- Working data:
───
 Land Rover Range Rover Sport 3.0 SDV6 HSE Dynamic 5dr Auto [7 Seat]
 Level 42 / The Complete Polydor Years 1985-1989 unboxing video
───
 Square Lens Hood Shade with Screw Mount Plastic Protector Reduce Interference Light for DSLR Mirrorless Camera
───
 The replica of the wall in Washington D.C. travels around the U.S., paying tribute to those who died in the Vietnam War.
───
- Problem to work on: Return only the stretch of the material above from the line holding "Land Rover Range" through the line holding "Level 42 / The", copied exactly.

- Exercise response:
 Land Rover Range Rover Sport 3.0 SDV6 HSE Dynamic 5dr Auto [7 Seat]
 Level 42 / The Complete Polydor Years 1985-1989 unboxing video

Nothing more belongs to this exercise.